世界遺産

世界遺産検定1級持っています。1級の勉強のために作ったノートを順次公開していきます。検定の範囲だけでなく世界遺産の周辺知識も併せて載せていきます。

世界遺産 白神山地

世界遺産 白神山地
登録年 1993年

〇キーワード
ブナ
極相林
ニホンカモシカ
アオモリマンテマ
イヌワシ
クマゲラ
最終氷期

 
〇概要
ブナ林の成長が分かる点が評価された。厳しい環境のため人がほとんど入り込むことがなかったため、天然林がほぼそのままの形で現在も残っている。
秋田県青森県にまたがる白神山地には約170k㎡のブナ原生林が広がっており、その純度の高さや、すぐれた原生状態、多様な動植物相から、氷河期以降の新しいブナ林として東アジアにおける代表的なものとなっている。天然記念物のクマゲライヌワシ特別天然記念物ニホンカモシカなど多くの野生動物が生息している。白神山地には多様な動植物が生息しているため、動植物のサンクチュアリとよばれる。
 
〇地形
先ほども記述した通り、白神山地の環境は厳しい。深い谷が複雑にいる組んでおり、急な傾斜が多い。
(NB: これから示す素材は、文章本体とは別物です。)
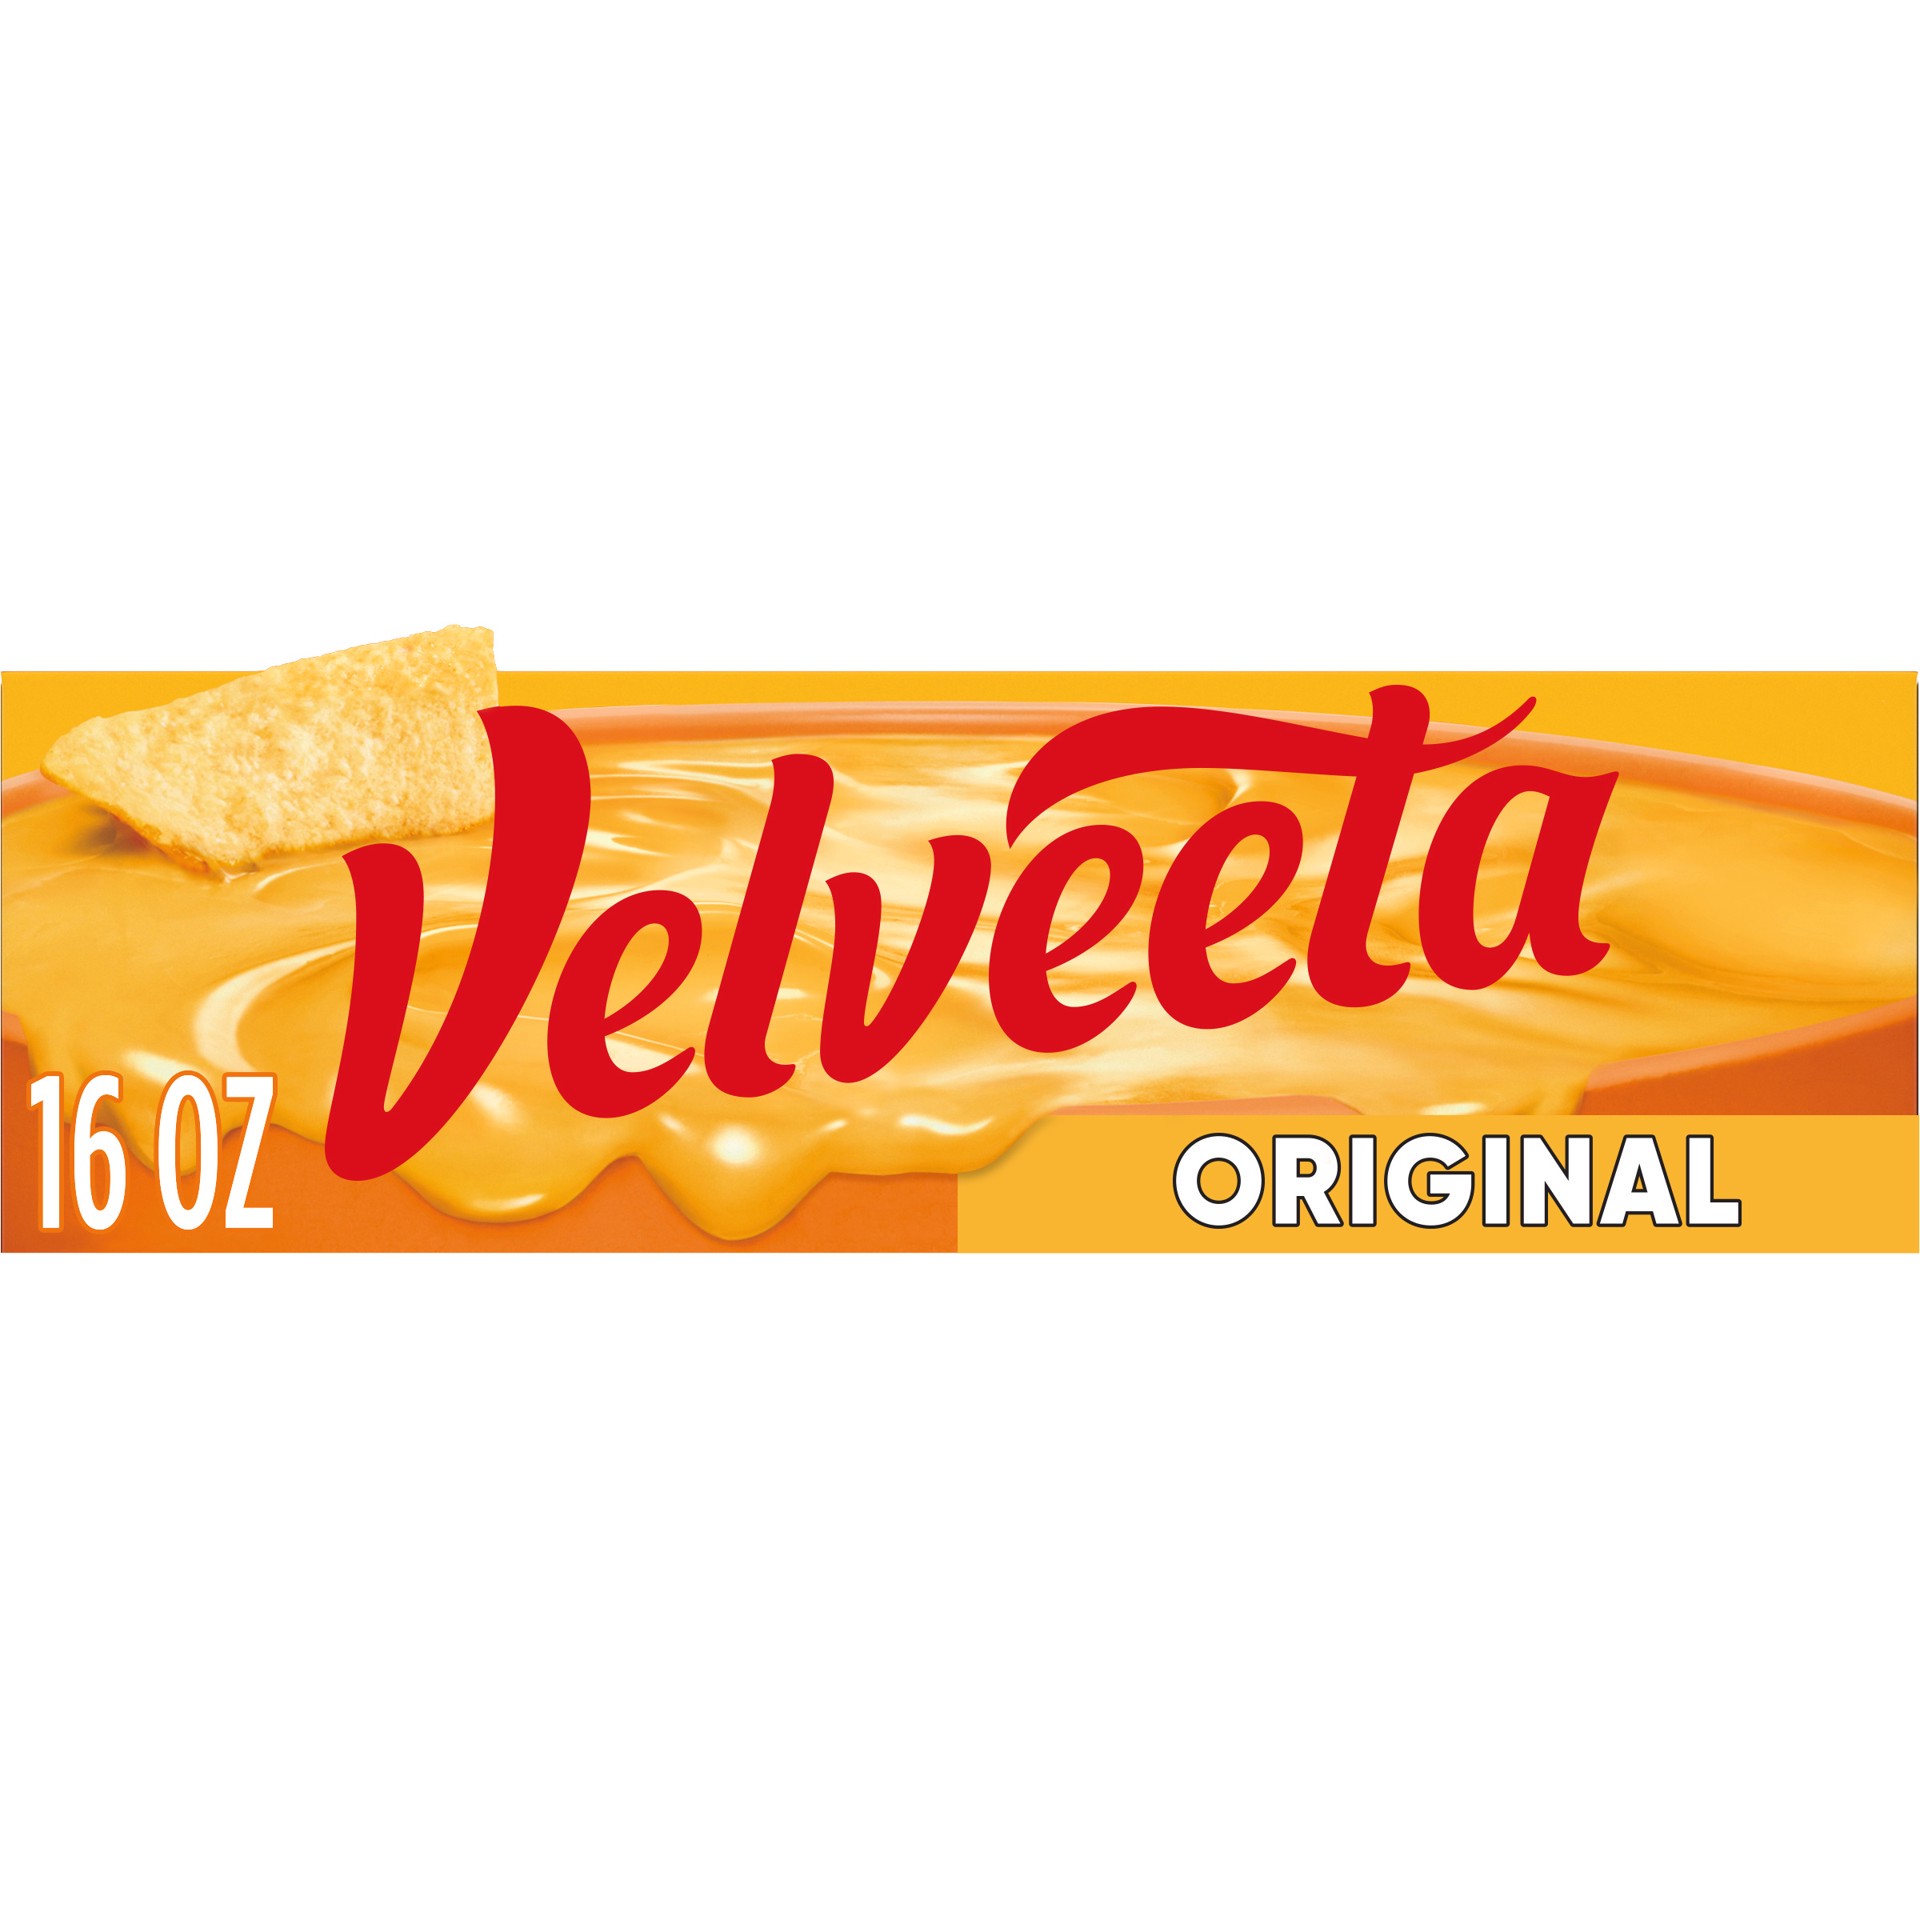 slide 1 of 9, Velveeta Original Pasteurized Recipe Cheese Product, 16 oz Block, 16 oz

それは土地の隆起のスピードが速いことによる。また、白神山地周辺は豪雪地帯でもあるため地滑りも頻繁に起こる。

〇動植物相
 固有種のアオモリマンテマを含め、希少な植物が多く生息している。オガタキイチゴツナギは、現在も進化中であり、進化のプロセスを知る上で貴重な種である。
 特別天然記念物ニホンカモシカをはじめ、天然記念物のクマゲラや同じく天然記念物のイヌワシ、など多くの野生動物が生息している。
  
〇ブナ原生林

ブナ林自体は珍しいものではないが、白神山地ほど多様性が残っているのは稀である。最終氷期のときにも、氷河に覆われることがなかったため、ブナ林の発達に影響は少なかった。また、他のブナ林では放牧や新炭材の採集が行われていたため、白神山地に比べ植生は乏しい。
 
〇筆者の一言
 天然記念物を含む多くの、動植物が生息するこの遺産は日本の宝である。厳しい環境で人間が手を付けられなかったため、図らずもアメリカの環境保護の考えであるウィルダネスに通じるものが感じられる。これからも我々は、この遺産には、研究など必要最低限な場合を除き、いい意味で放っておけばいいのではないだろうか?